The content that needs to be rewritten is: △Figure 2 Software system architecture Rewritten content: The software system architecture is shown in Figure 2
New Agent
An automatic plan generation module, which has multi-modal sensing and monitoring capabilities and is good at handling emergencies in standby mode. .
A multi-modal data memory module that can be used for multi-modal memory retrieval and reflection, giving the agent the ability to learn with few samples.
- An embodied intelligent action module can establish a bridge for stable control between embodied intelligence and other modules on ROS. This module provides the ability to access other nodes on ROS using operations as a bridge.
- At the same time, in order to complete an action, multiple interactions may be required to obtain the parameters necessary to perform the action from the sensor to ensure that the agent can perform actions based on comprehensive situational awareness and the actuators it has. Stable output of specific actions
#The content that needs to be rewritten is: △ Figure 3 AeroAgent module architecture Rewritten content: △Figure 3 AeroAgent module architecture design
Bridge connecting large models and ROS
Why choose drones
The research team gave three reasons to explain why they chose drones to conduct testing and simulation of the system architecture
First of all, most of the web-scale world knowledge contained in LMMs today is from a third-person perspective. Embodied intelligence in fields such as humanoid robots is similar to the first-person perspective with humans as the subject. perspective. The camera on the drone, especially the downward-looking camera, is more like the third-person perspective (God's perspective) of organism intelligence
On the other hand, LMMs at the current stage, whether it is model deployment or API services are usually limited by computing resources, resulting in a certain delay in response. UAV mission planning is due to its ability to hover and the ability to cope with delays, which is an obstacle to application in fields such as autonomous drivingBoth of these two points have led to the current level of technological development.
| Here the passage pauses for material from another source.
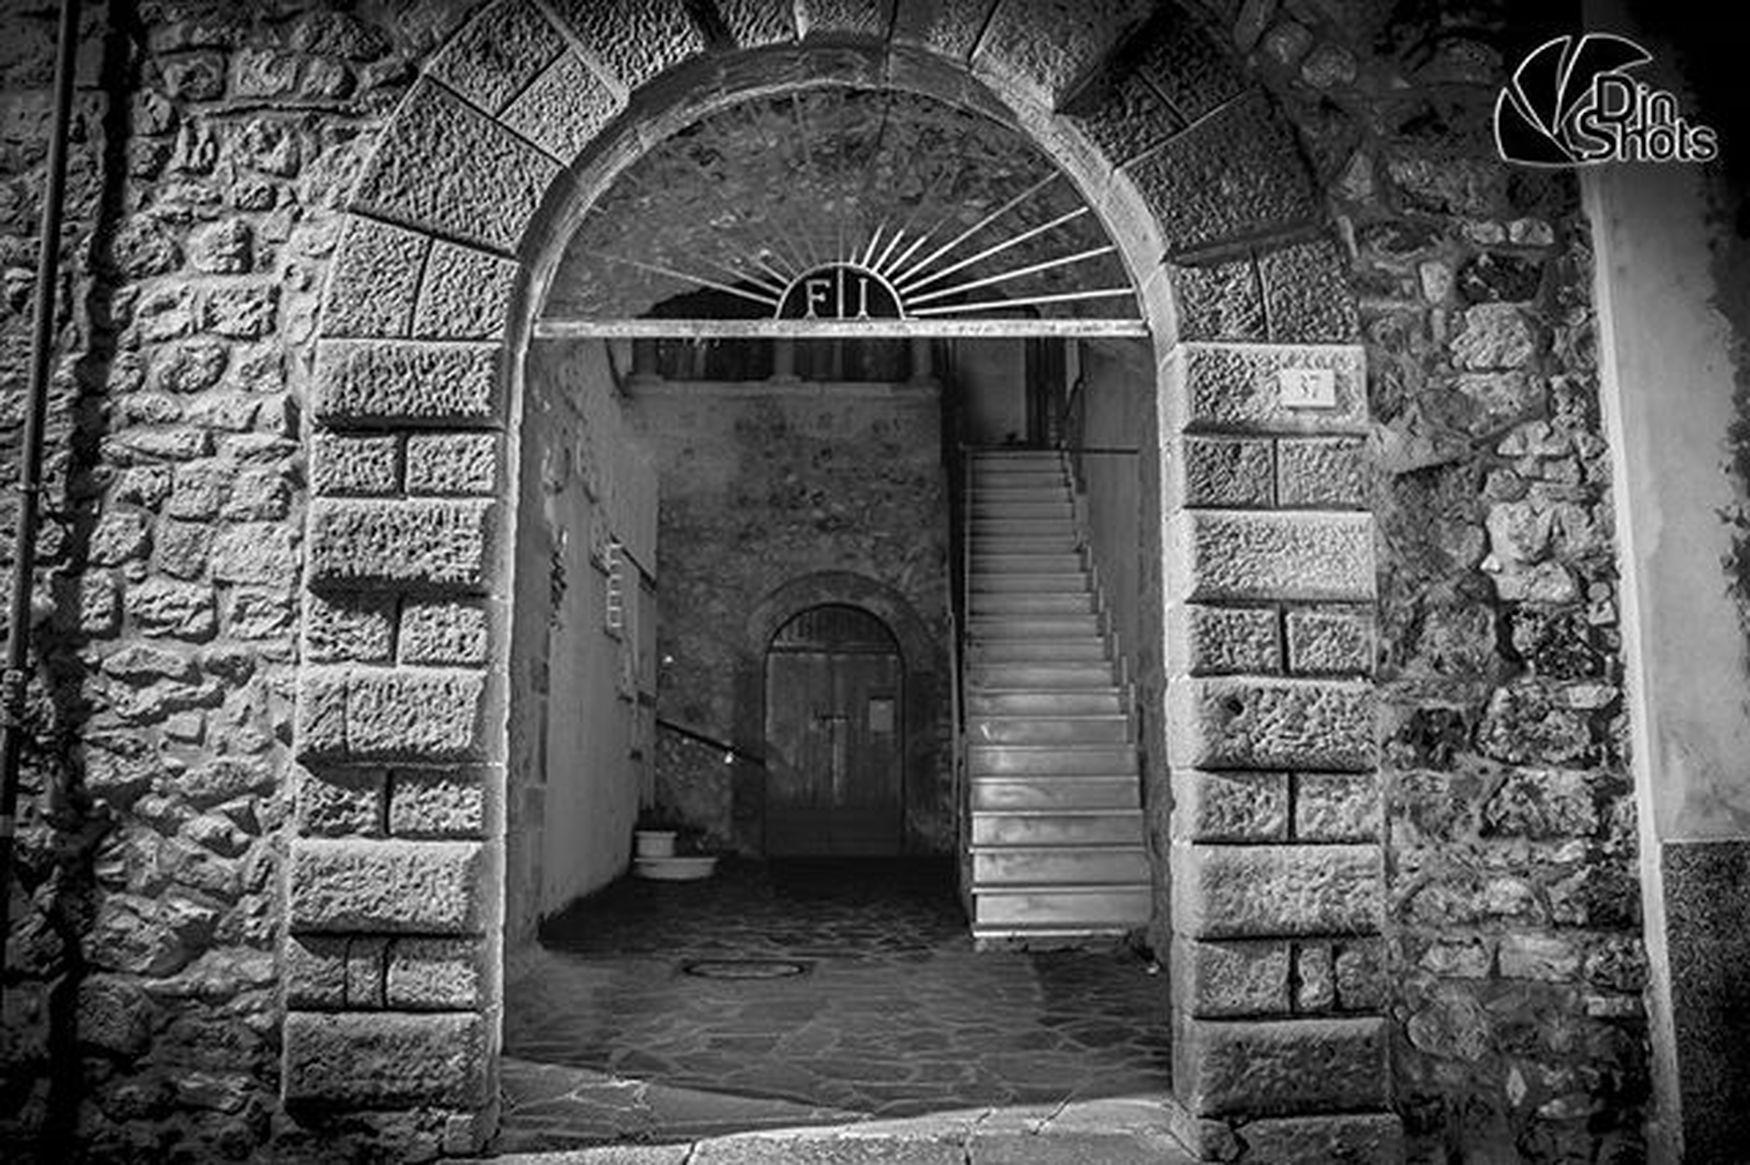 Djnshots Photo Photographer Photography Ph Canon Canon_photos Reflex Photooftheday Picoftheday Instaphoto Instapic Streetphotography Rapolla Basilicata Lucania Italy Bw Bw_photooftheday Bw_lover Door Old HDR

UAVs are suitable as pioneers to verify relevant theories and applications.Second
, currently, in the field of industrial drones, such as wildfire rescue, agriculture, forestry and plant protection, unmanned grazing, power inspection, etc., pilots and experts cooperate with actual operations,Intelligent tasksExecution has industrial requirements. Third
, from the perspective of future development,Multi-agent collaborationhas obvious needs in logistics, construction, factories and other fields . In this field, drones, as embodied intelligence from a "God's perspective", are suitable for serving as the leader of the central node to allocate tasks, and other robots can be regarded as the actuators of the drones. part of the research, so this research also has future development prospects.
The team used airgen’s emulator to conduct simulation experiments, and also selected DRL and other methods as a control group. The following are the experimental results:In the wild fire search and rescue scenario, AeroAgent achieved an excellent score of 100 points under the standardized score, with an average of 2.04 points per step
The content that needs to be rewritten is: Picture △No. 4-1, wildfire rescue scene
The content that needs to be rewritten is: △Figure 4-2 Sea apron landing scene
△Figure 4-3 Wind turbine inspection scenario
The content that needs to be rewritten is: △Figure 4-4 Airgen simulation experiment
The content that needs to be rewritten is: △ Figure 5 Case experiment of guiding trapped people
Paper address: https://arxiv.org/abs/2311.15033
The above is the detailed content of The Beihang University team proposes a new architecture of embodied intelligence to realize the control of large drones. For more information, please follow other related articles on the PHP Chinese website!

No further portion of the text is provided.